▶ [Directions] Return the data exactly, apart from leaving out the pictures.

▶ [Dataset excerpt]
= = = = = = =
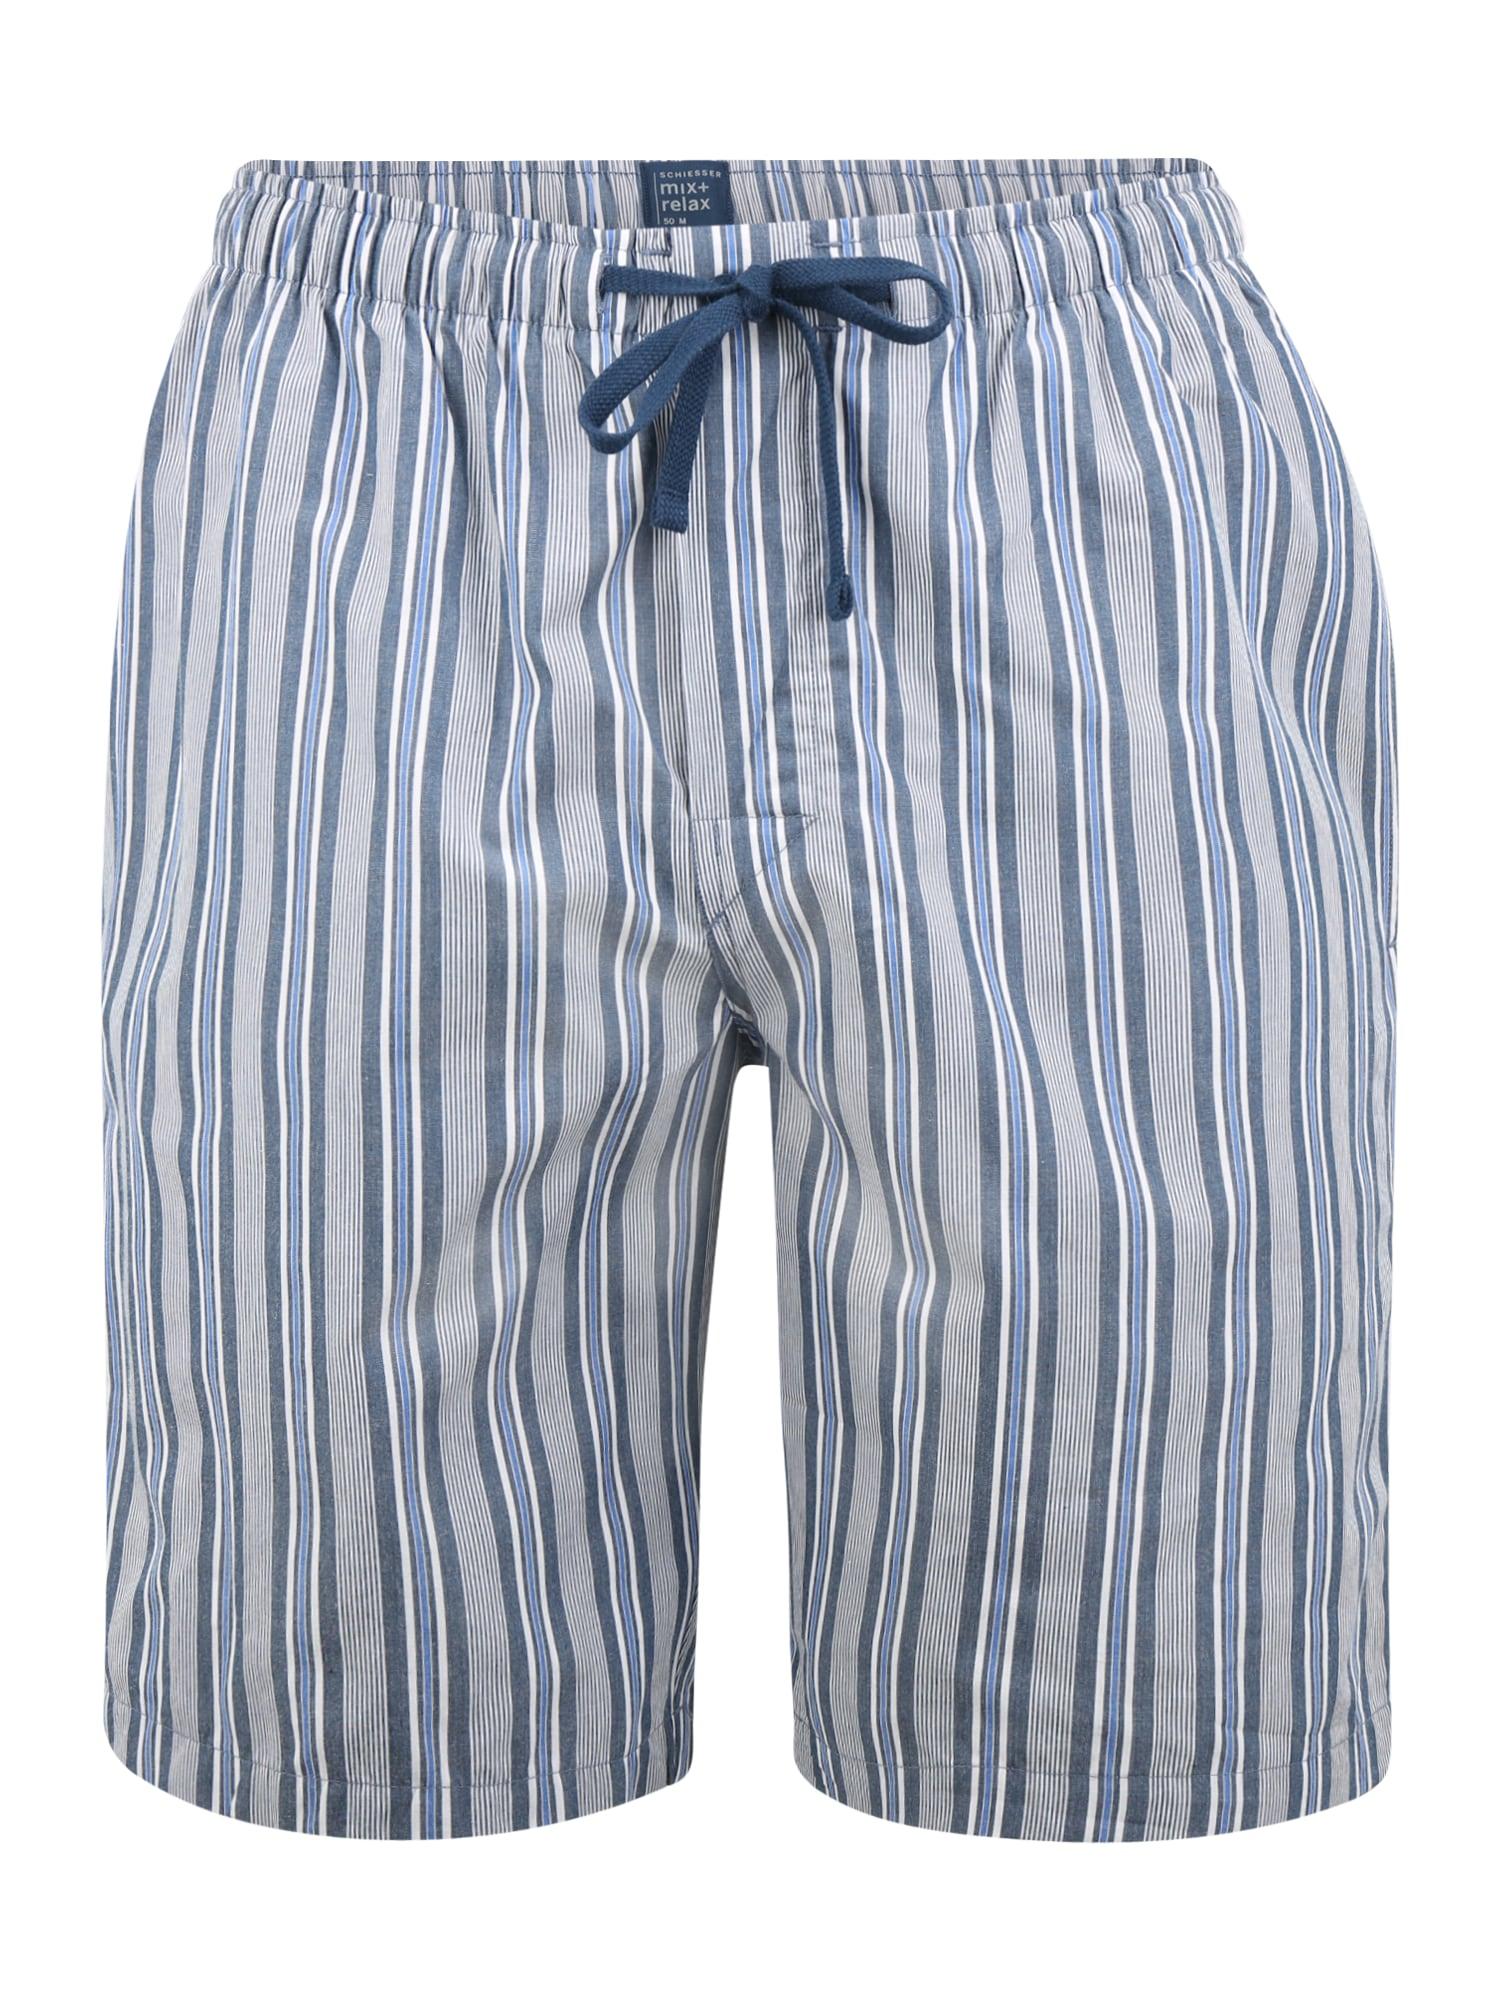 SCHIESSER Pižaminės kelnės mėlyna
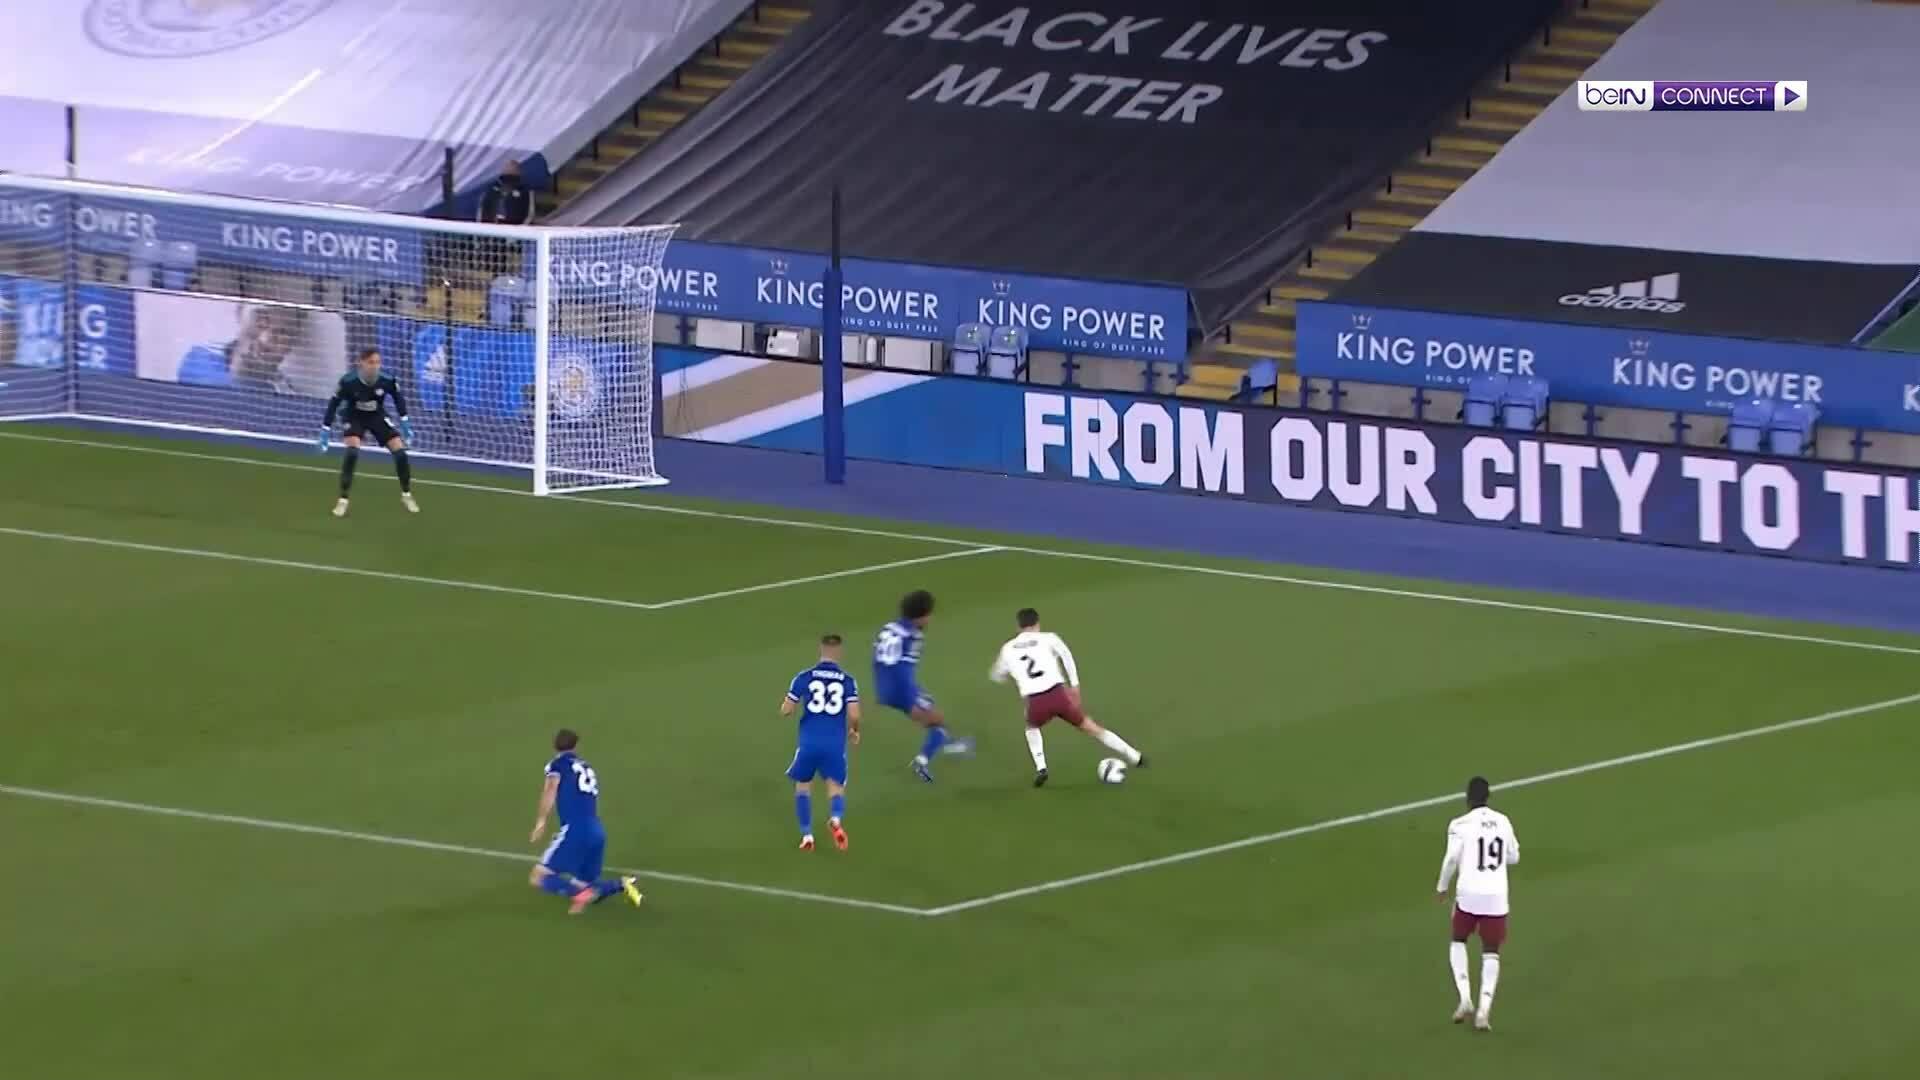 Leicester 0-2 Arsenal
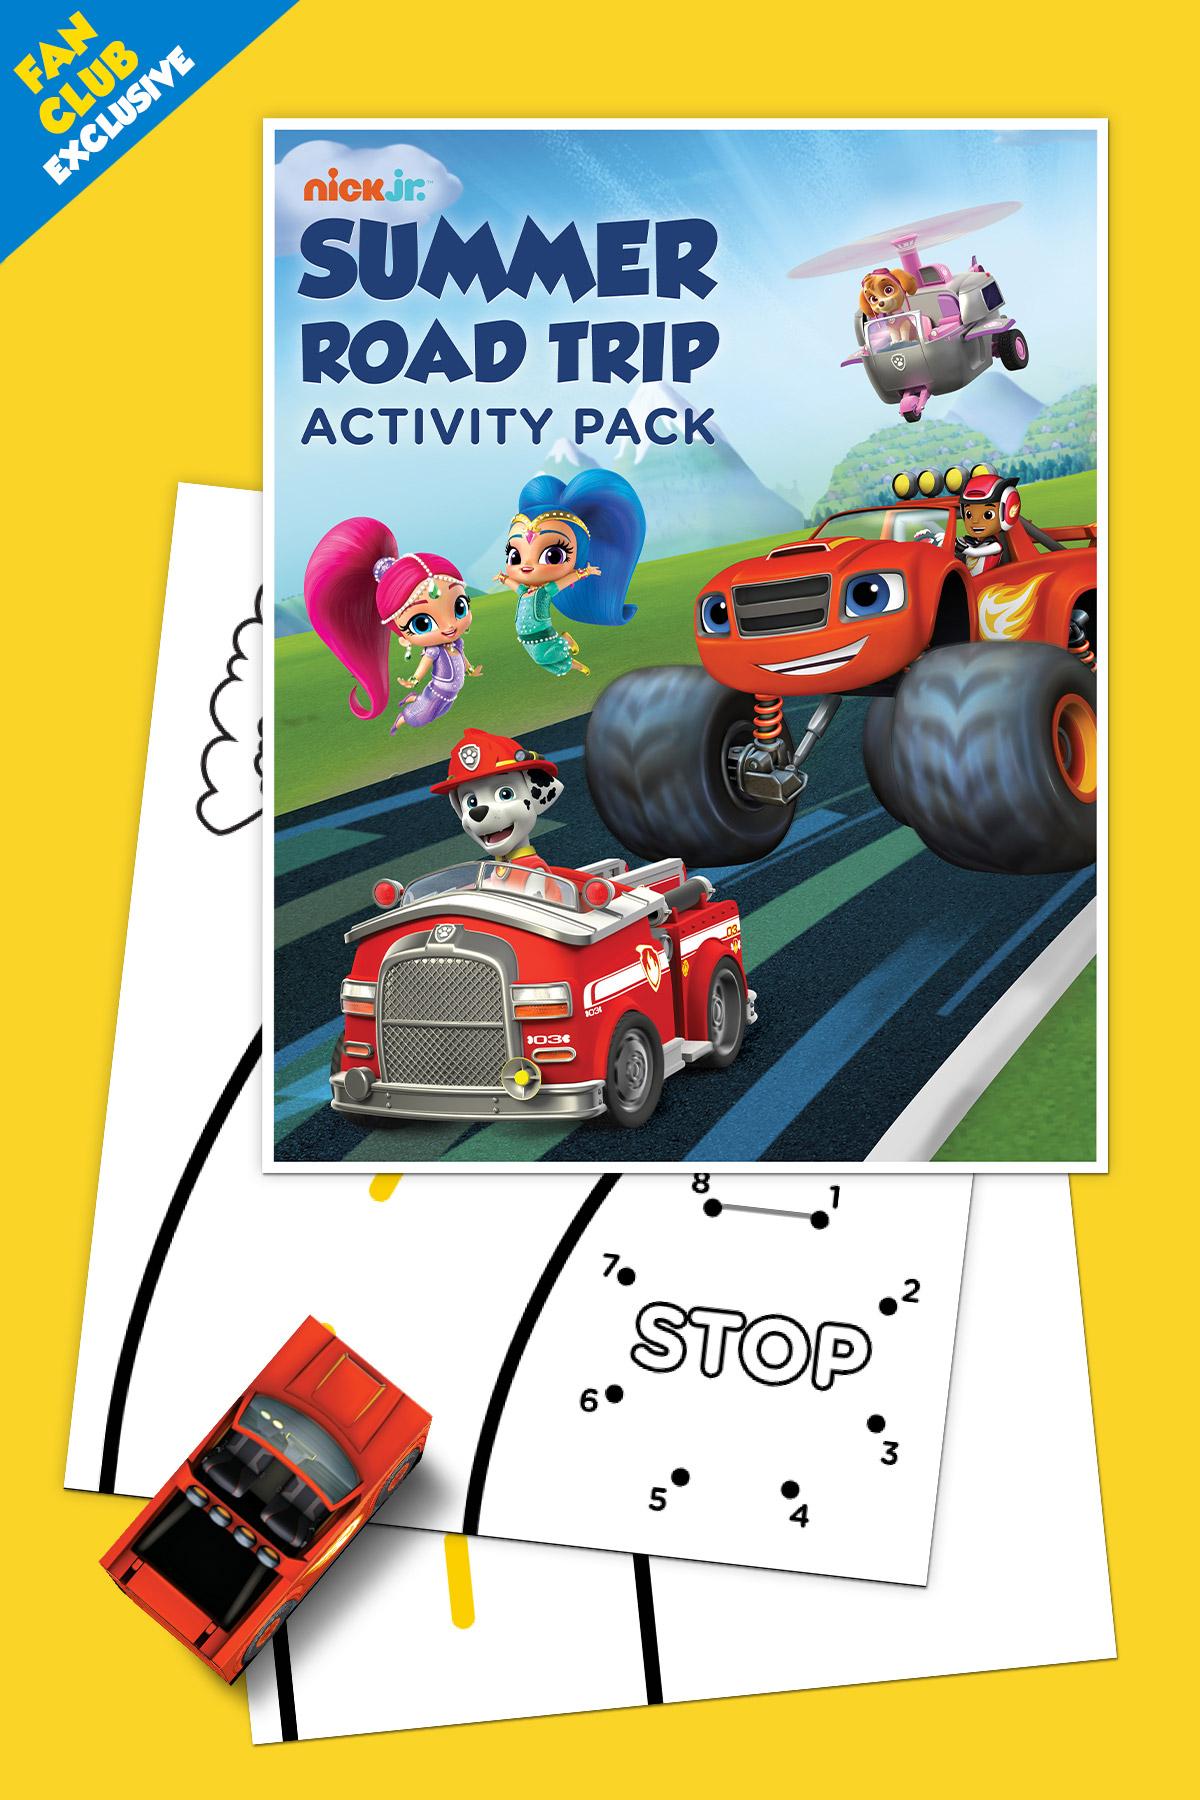 Fan Club Exclusive: Summer Road Trip Printable
= = = = = = =
▶ [Finished exercise]
 SCHIESSER Pižaminės kelnės mėlyna
 Leicester 0-2 Arsenal
 Fan Club Exclusive: Summer Road Trip Printable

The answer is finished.